Ao longo dos registros etnográficos realizados nos shows acima citados, alguns
fatos nos chamaram a atenção:
- o local escolhido para o show de Jens Leckman. Aliás, o próprio fato de
conhecer Jens Leckman e seu trabalho já é algo bastante inusitado, justamente
porque o artista é bem pouco conhecido aqui no Brasil. Mas, voltando ao local
escolhido, chamou-nos a atenção, além do ambiente extremamente sofisticado,
com climatização, o fato de que o cardápio marcava o preço em libras. Uma skol
long neck, a bebida mais barata do cardápio, custava £1,50 (uma libra esterlina e
cinqüenta pence), algo equivalente a R$ 6,00 (seis reais). Ademais, a proximidade
e o diálogo com os músicos podem ser considerados outra característica que
imprime a marca da distinção aos sujeitos em questão (ver figura 1);
Figura 1: Show de Jens Leckman. A foto foi tirada da platéia.
- domínio de um idioma estrangeiro, especialmente o inglês: na maior parte das
vezes os artistas, mesmo os suecos e franceses, que são as nacionalidades mais
presentes entre os músicos que se apresentam no Brasil, interagem com o público
em inglês. Foi assim com Jens Leckman (Suécia), Radiohead (Reino Unido), Lisa
Li Lund (França), Those Dancing Days (Suécia), Peter, Bjorn and John (Suécia),
para citar algumas das atrações;
- domínio das letras das músicas: a impressão que dá é que o público dos shows
passa o período que vai do momento em que o show é divulgado até o dia do
show pesquisando e gravando as letras das músicas. Geralmente, o público canta
todas as músicas, mesmo as que nunca foram executadas em rádio (que é o caso
da maioria), demonstrando total intimidade. Considerando que os músicos não
são tão conhecidos do grande público, isto pode ser apropriado como uma marca
invisível;
- o complexo cultural formado em torno do rótulo indie envolve indumentária,
comportamentos, atividades de lazer. Com relação à indumentária, observa-se
entre as mulheres preferência por roupas e acessórios ‘estilosos’ (vestidos,
sapatos bonecas, bolinhas, cores cítricas, cortes de cabelo inusitados (ver Figuras
2, 3 e 4). No quesito comportamento, não foi possível perceber tanta diferença
entre os freqüentadores dos festivais e shows selecionados e outros eventos
alternativos. Geralmente a bebida mais consumida é a cerveja, talvez porque seja
a de mais fácil acesso. Quanto às atividades de lazer, a preferência, por exemplo,
por cinema de autor foi predominante entre os interpelados na pesquisa,
sobretudo entre os que se encontram numa faixa etária acima dos 25 anos (64%) o
que demonstra uma prática cultural mais seletiva, mas existe uma boa parcela de
adolescentes que freqüentam, sobretudos os eventos de maior porte. A ocupação e
profissão dos interpelados também constitui um dado curioso. Em torno de 60%
desenvolvem atividades ligadas à cultura (designers, jornalistas, músicos, etc.).
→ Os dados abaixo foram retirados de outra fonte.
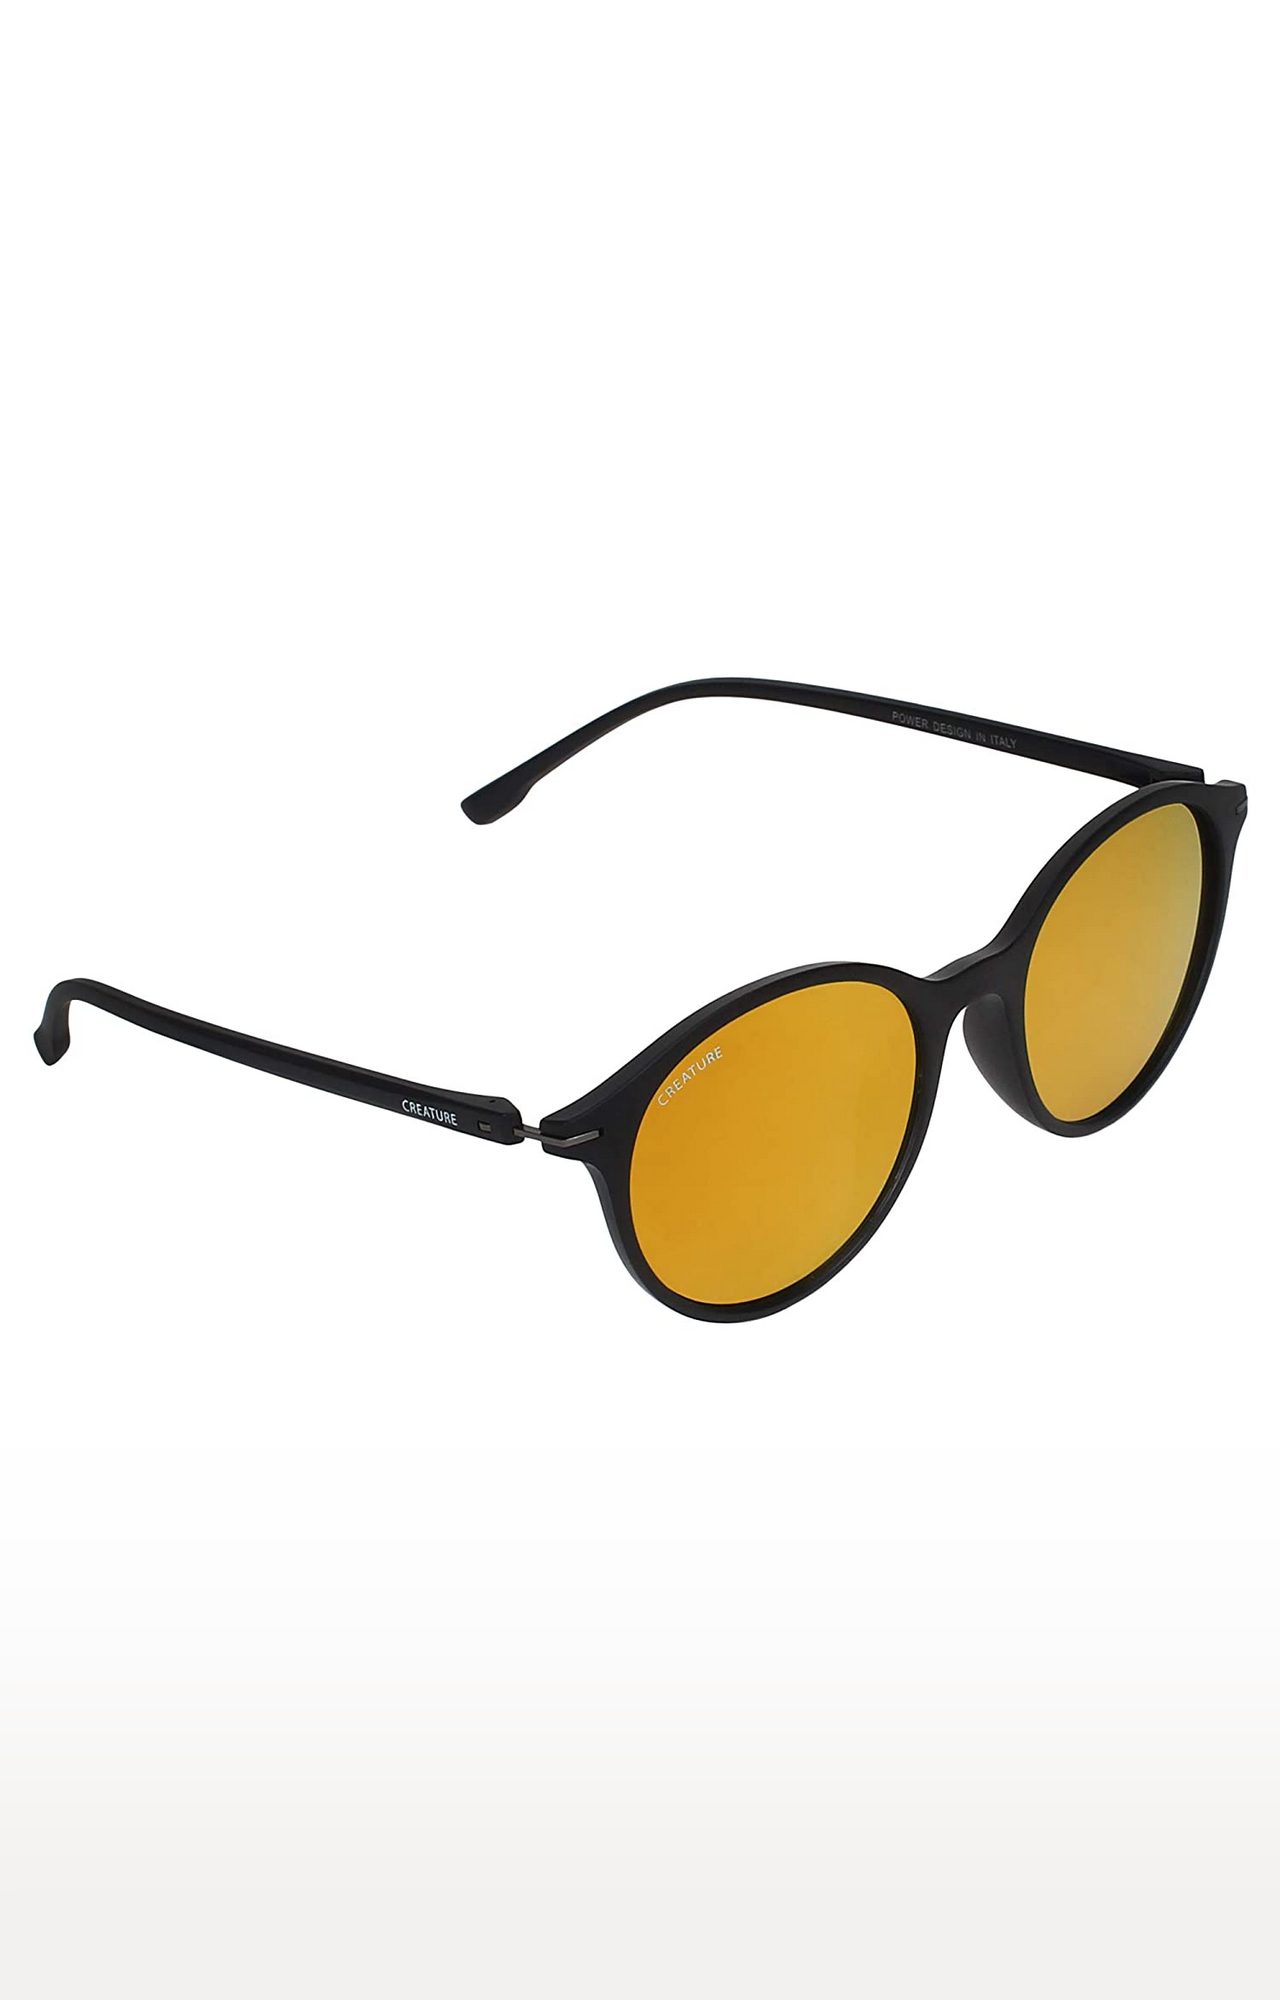 CREATURE | CREATURE Matt Finish Club Master Round UV Protected Unisex Sunglasses (Lens-Yellow|Frame-Black)

Figura 2: Distinção por meio de acessórios
Figura 3: Indumentária como Distinção
Figura 4: Detalhe do corte de cabelo e do acessório
- Dentro da própria cena percebe-se o desejo de diferenciação individual, de ‘não
ser mais um na multidão’, tome-se como exemplo uma comunidade no orkut
denominada: eu sou mais indie que você, que propõe uma brincadeira com o fato
da reivindicação de status por meio do pertencimento ao grupo, em que muitas
vezes as formas de distinção são muito mais racionalizadas do que incoporadas.